Not stopping there, ViruSs was also the center of discussion when he frankly criticized Hòa Minzy's weak voice, not suitable for Mr. Siro's music. He also said that the female singer should rethink her future musical path. In response to the criticism, he said that he gave such comments "only because he wanted Hoa to improve", and affirmed that "he would not dare to speak his mind because of any external factors" and have to accept the "peace is precious" and "no reward, no punishment" comments.

In early July 2020, ViruSs criticized Hoài Lâm's music video "Hoa no khong mau", saying that the song's arrangement was "good but not trendy". Musician Nguyen Minh Cuong, who composed the song, posted on Facebook questioning this.
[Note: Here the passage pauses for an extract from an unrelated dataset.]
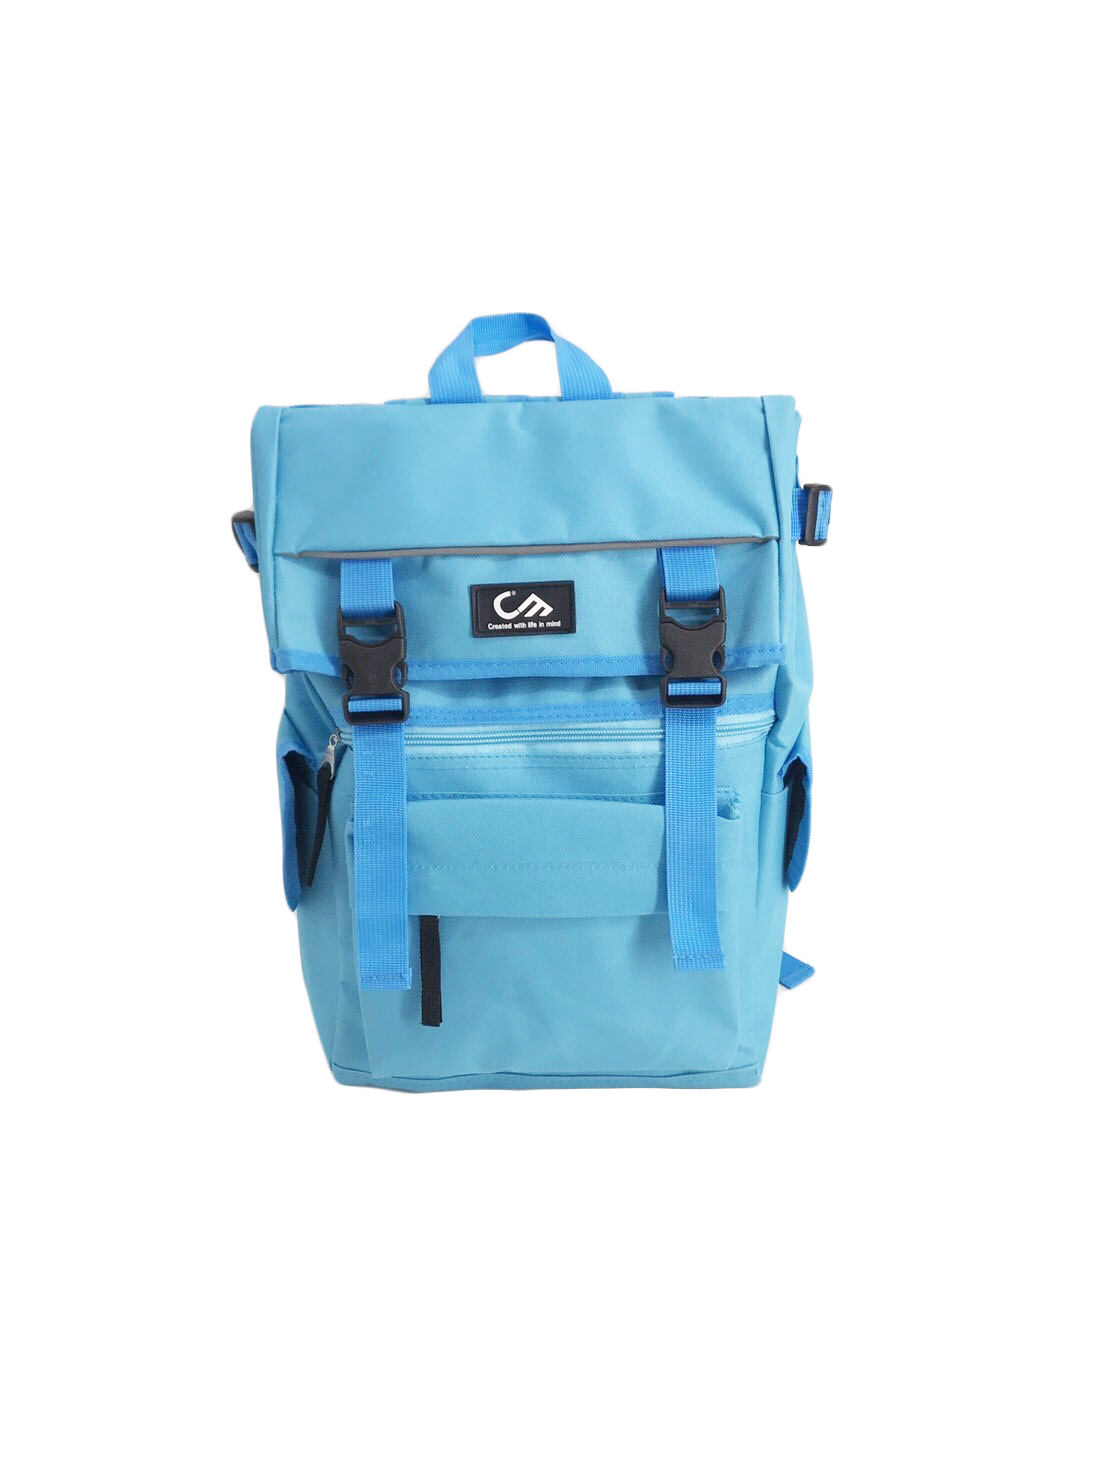 CM [S] Series I : Aqua Blue
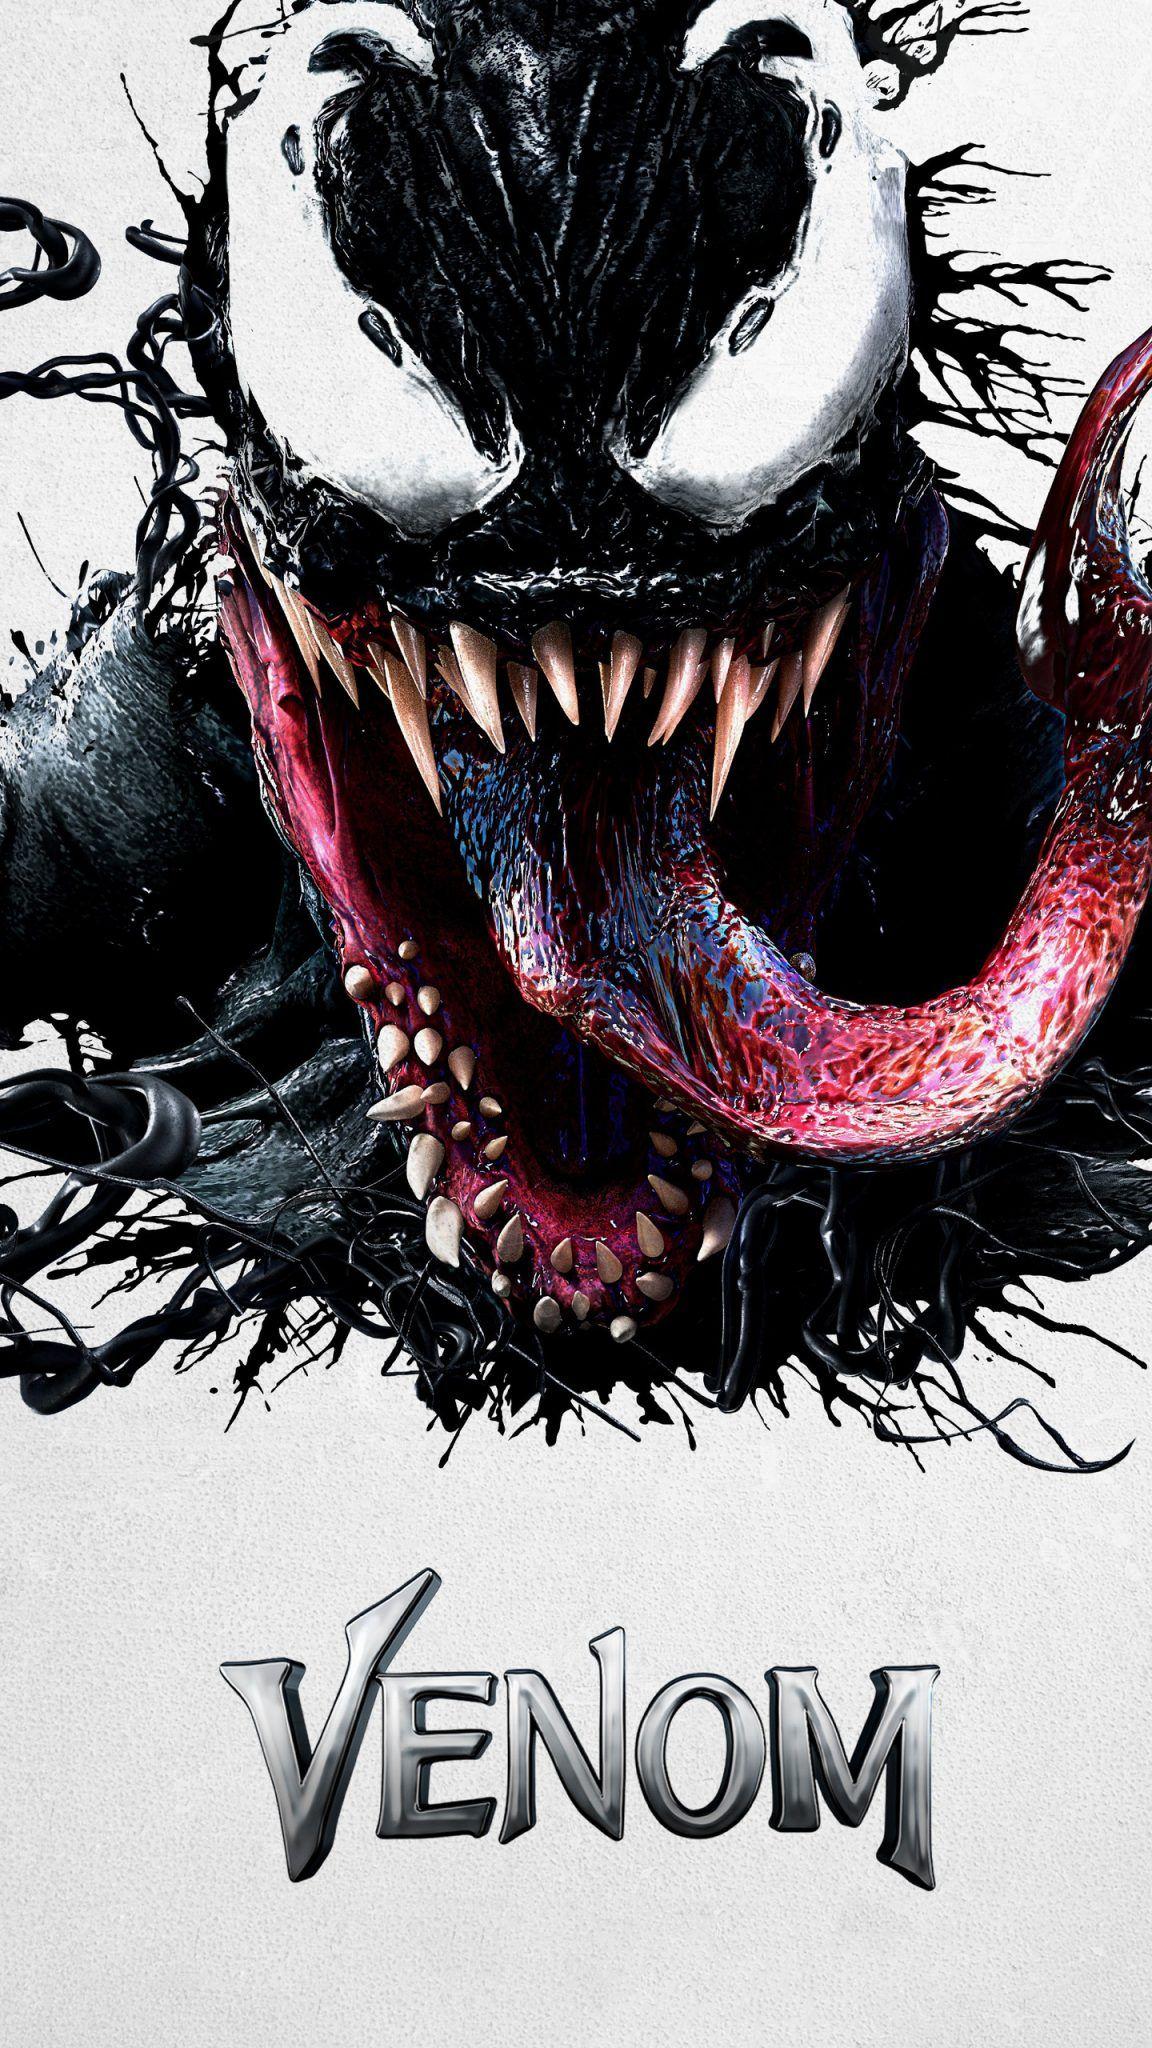 Top Venom Wallpapers For Your Pinterest Boards  Venom

Immediately after, ViruSs apologized.

==Personal life==
He had a 5-year relationship with Huynh Kim Ngan (Ngan Sat Thu), also a streamer in Vietnam. However, on August 10, 2020, Ngan Sat Thu announced that she and ViruSs had officially broken up. According to a post in her personal fan group, Ngan Sat Thu said the reason was because both were too busy with their own work, so ViruSs took the initiative to say goodbye.

In late March 2025, ViruSs became the center of public opinion again when he was caught up in a series of accusations from his ex-girlfriend Ngoc Kem, rapper Phao and many other girls. This incident quickly attracted the attention of millions of people on social networks. It all started on the evening of March 21, 2025, when Tran Nguyen Hong Ngoc, known as Ngoc Kem, livestreamed on social networks to accuse him of infidelity during the time they were still in love.